(What is required): Leaving out every picture, copy the lines of the material below exactly, from the line containing "A class 47 british" through the line containing "California Food and Farming Network (CFFN)".

[Entries provided Boundary: Start]

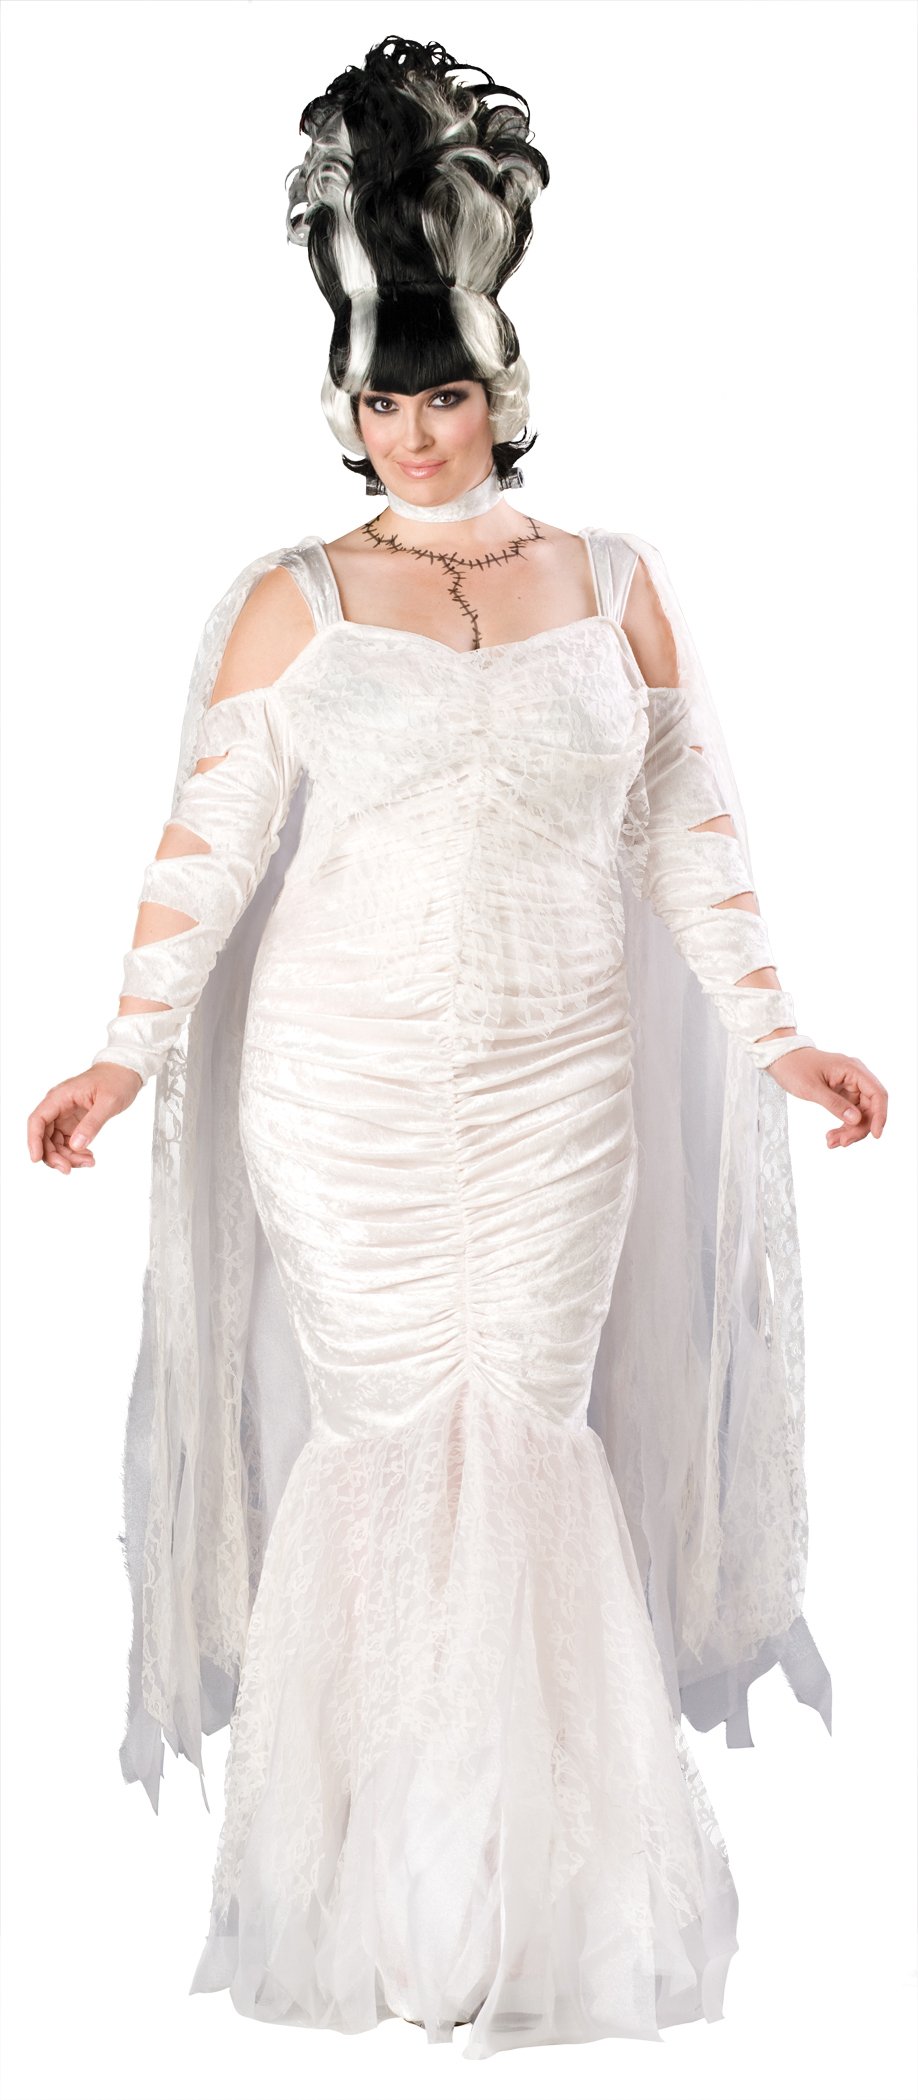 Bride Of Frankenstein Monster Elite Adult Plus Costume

[Entries provided Boundary: End]
[Entries provided Boundary: Start]

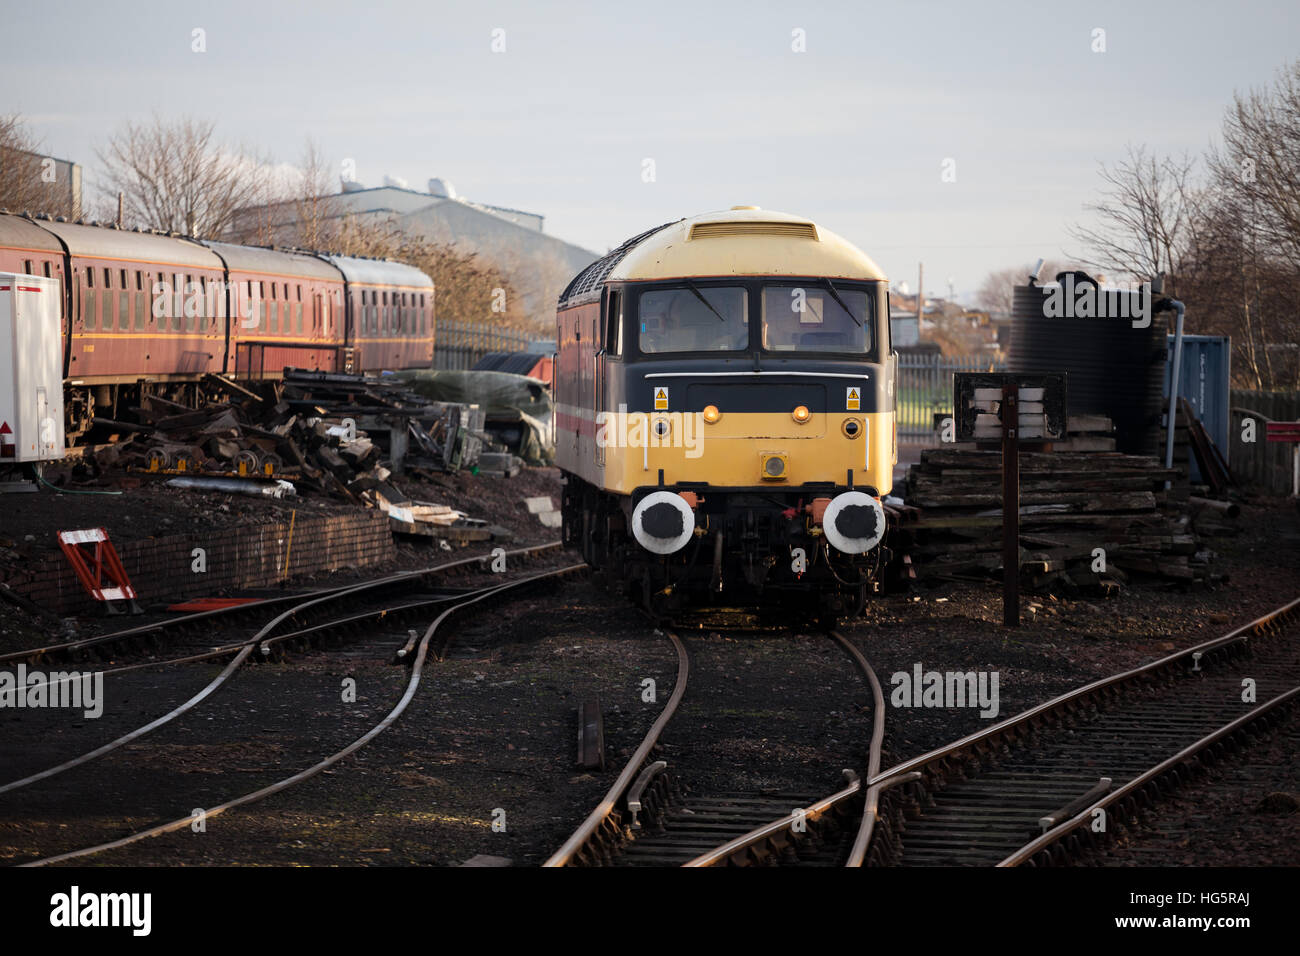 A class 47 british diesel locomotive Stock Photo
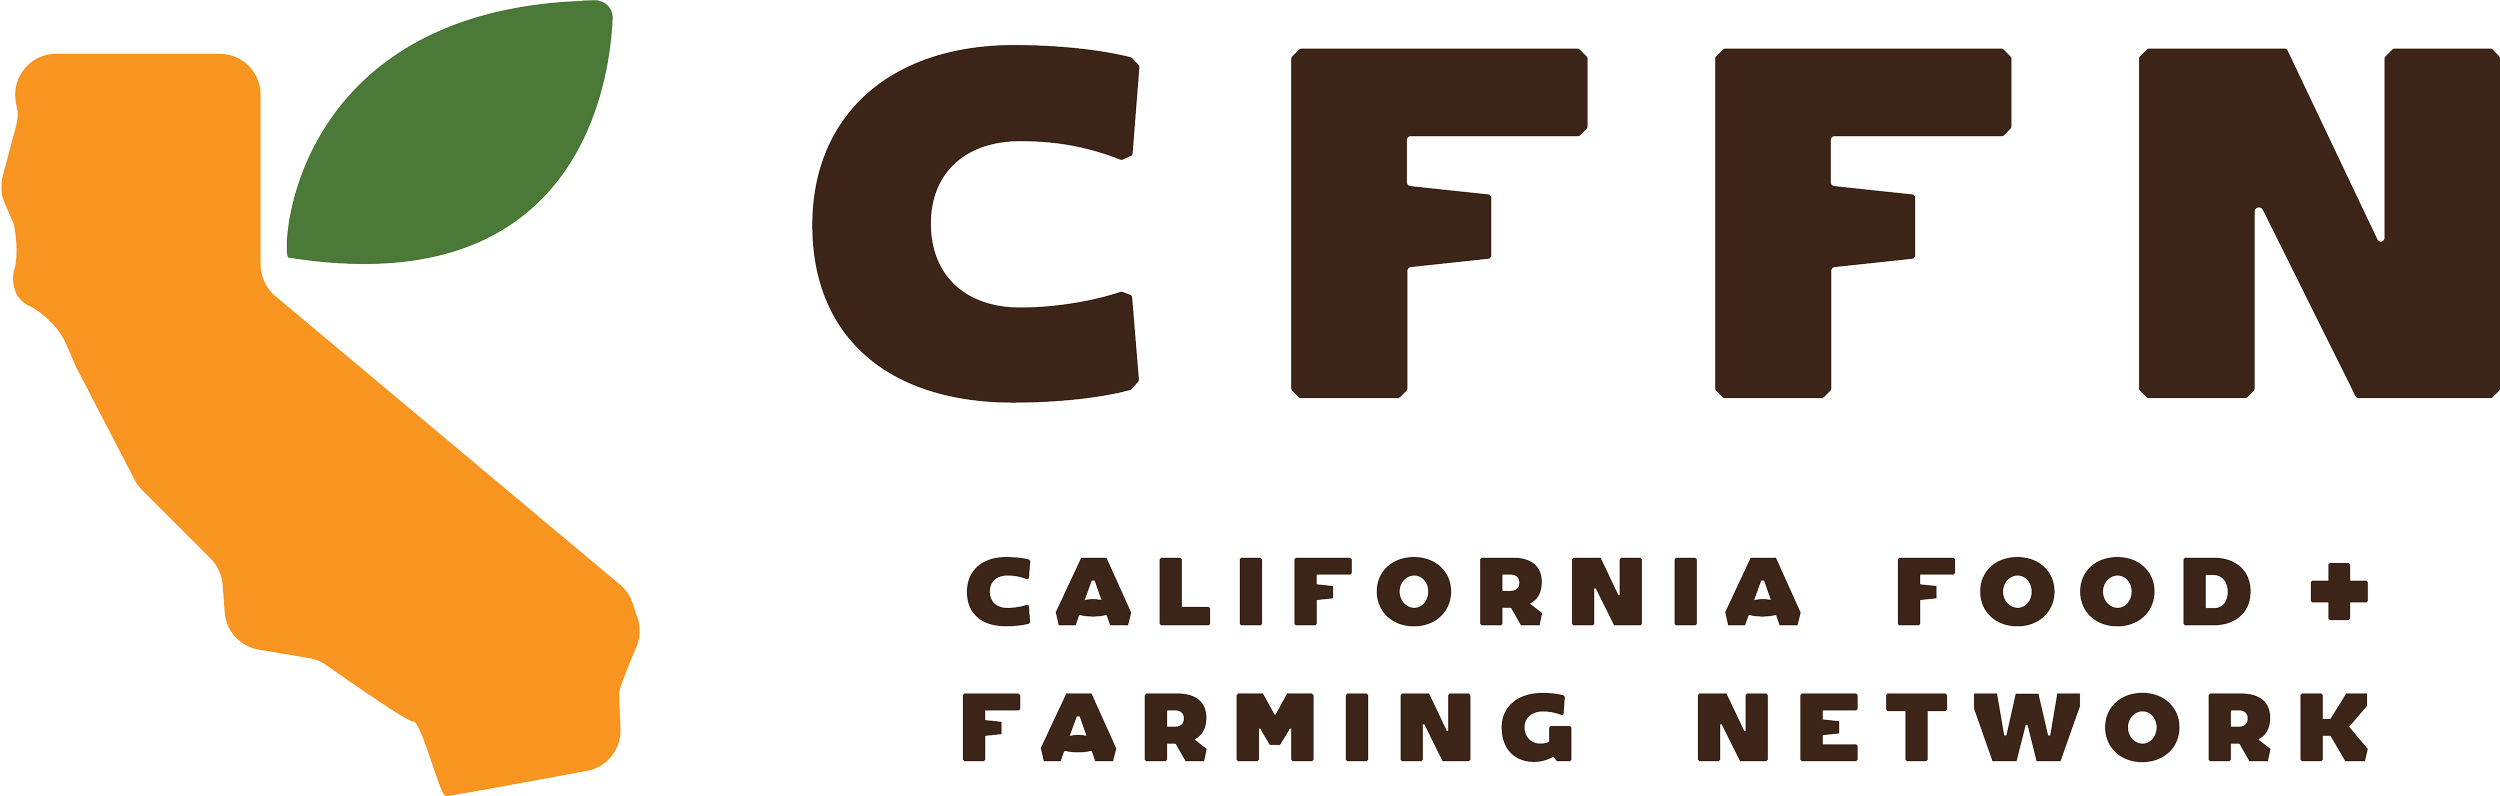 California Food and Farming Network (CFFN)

[Entries provided Boundary: End]
[Entries provided Boundary: Start]

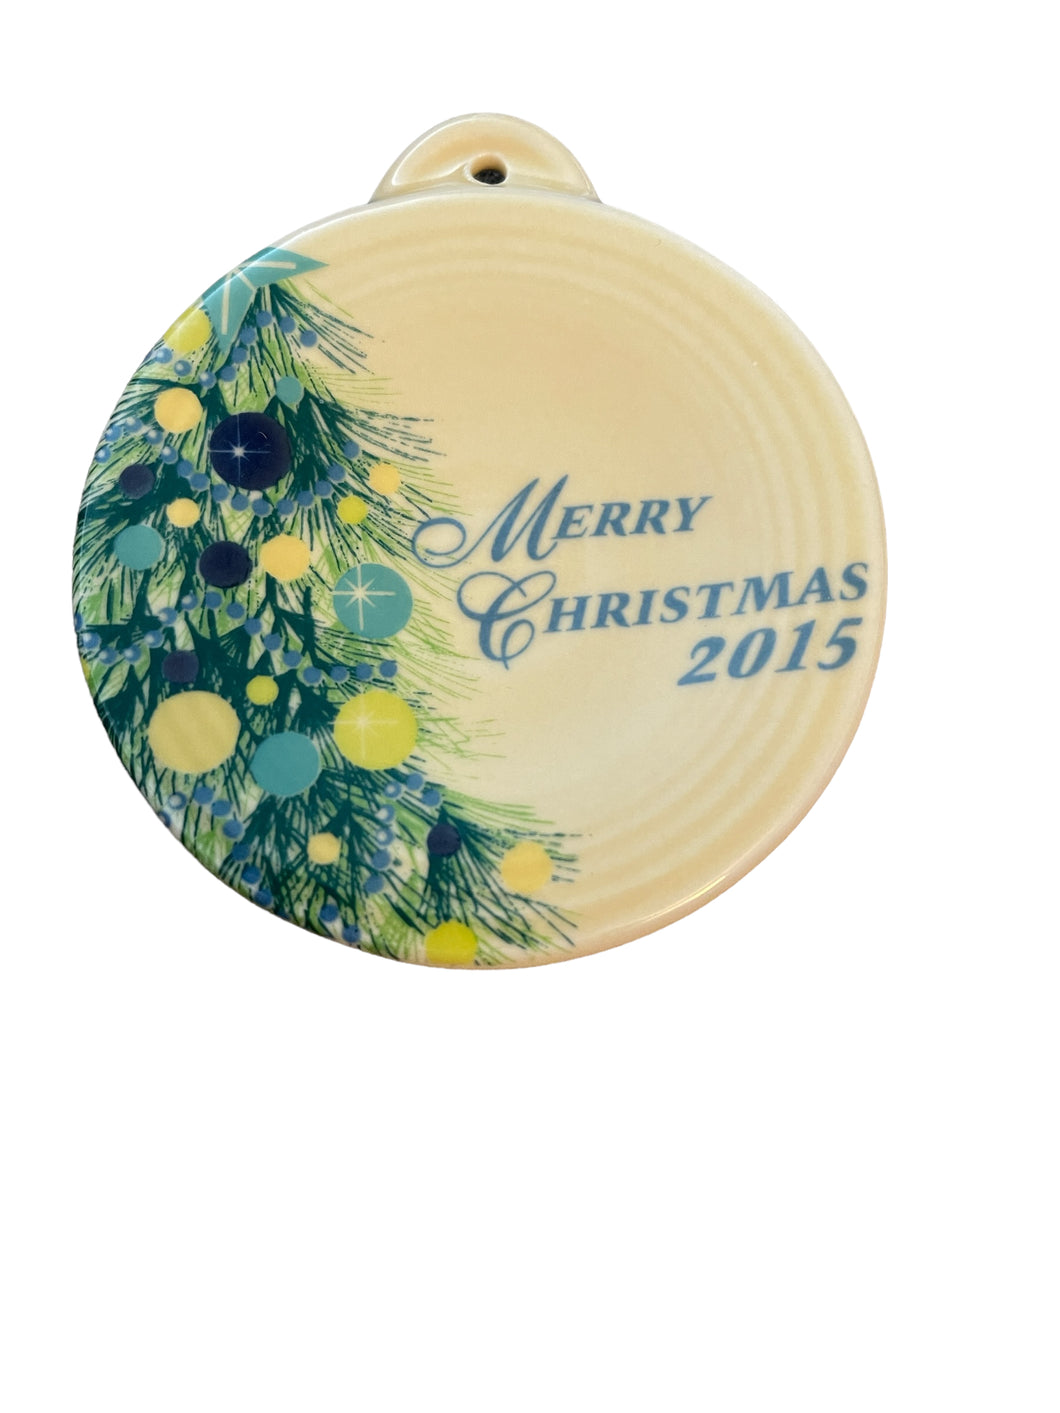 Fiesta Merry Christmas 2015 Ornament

[Entries provided Boundary: End]

(Solution to the exercise):
 A class 47 british diesel locomotive Stock Photo
 California Food and Farming Network (CFFN)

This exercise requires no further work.